> **Work order**
Go to the line that includes "Pair Place Mats" and retype it, then every line after it to the end of the data, adding nothing.

_ _ _ _

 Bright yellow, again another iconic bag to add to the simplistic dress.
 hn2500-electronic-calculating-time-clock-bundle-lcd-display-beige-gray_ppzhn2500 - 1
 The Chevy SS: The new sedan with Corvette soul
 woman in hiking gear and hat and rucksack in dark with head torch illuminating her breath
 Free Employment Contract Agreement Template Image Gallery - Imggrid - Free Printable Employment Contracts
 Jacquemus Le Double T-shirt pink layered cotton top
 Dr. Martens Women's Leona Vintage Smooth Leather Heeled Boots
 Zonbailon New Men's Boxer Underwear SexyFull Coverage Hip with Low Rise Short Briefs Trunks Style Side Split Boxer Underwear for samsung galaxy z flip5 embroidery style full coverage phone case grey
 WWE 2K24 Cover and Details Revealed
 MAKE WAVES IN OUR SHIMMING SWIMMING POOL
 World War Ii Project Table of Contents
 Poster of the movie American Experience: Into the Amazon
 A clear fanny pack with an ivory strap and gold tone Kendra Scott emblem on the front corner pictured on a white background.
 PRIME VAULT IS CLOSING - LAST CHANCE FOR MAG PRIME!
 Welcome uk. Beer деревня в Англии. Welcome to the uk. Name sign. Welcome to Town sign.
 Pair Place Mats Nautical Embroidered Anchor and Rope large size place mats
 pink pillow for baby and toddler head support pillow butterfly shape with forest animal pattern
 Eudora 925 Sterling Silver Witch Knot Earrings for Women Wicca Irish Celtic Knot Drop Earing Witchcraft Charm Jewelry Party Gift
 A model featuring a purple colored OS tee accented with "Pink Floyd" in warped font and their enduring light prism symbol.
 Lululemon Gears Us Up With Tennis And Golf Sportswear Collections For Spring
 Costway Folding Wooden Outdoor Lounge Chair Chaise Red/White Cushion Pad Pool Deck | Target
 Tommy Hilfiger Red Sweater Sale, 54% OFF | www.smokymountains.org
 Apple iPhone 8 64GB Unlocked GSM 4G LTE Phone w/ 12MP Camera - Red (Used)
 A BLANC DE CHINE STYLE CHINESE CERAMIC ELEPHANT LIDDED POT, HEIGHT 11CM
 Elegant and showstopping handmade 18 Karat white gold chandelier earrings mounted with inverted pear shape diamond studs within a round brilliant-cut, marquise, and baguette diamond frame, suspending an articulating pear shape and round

_ _ _ _

> **Solution to this task**
 Pair Place Mats Nautical Embroidered Anchor and Rope large size place mats
 pink pillow for baby and toddler head support pillow butterfly shape with forest animal pattern
 Eudora 925 Sterling Silver Witch Knot Earrings for Women Wicca Irish Celtic Knot Drop Earing Witchcraft Charm Jewelry Party Gift
 A model featuring a purple colored OS tee accented with "Pink Floyd" in warped font and their enduring light prism symbol.
 Lululemon Gears Us Up With Tennis And Golf Sportswear Collections For Spring
 Costway Folding Wooden Outdoor Lounge Chair Chaise Red/White Cushion Pad Pool Deck | Target
 Tommy Hilfiger Red Sweater Sale, 54% OFF | www.smokymountains.org
 Apple iPhone 8 64GB Unlocked GSM 4G LTE Phone w/ 12MP Camera - Red (Used)
 A BLANC DE CHINE STYLE CHINESE CERAMIC ELEPHANT LIDDED POT, HEIGHT 11CM
 Elegant and showstopping handmade 18 Karat white gold chandelier earrings mounted with inverted pear shape diamond studs within a round brilliant-cut, marquise, and baguette diamond frame, suspending an articulating pear shape and round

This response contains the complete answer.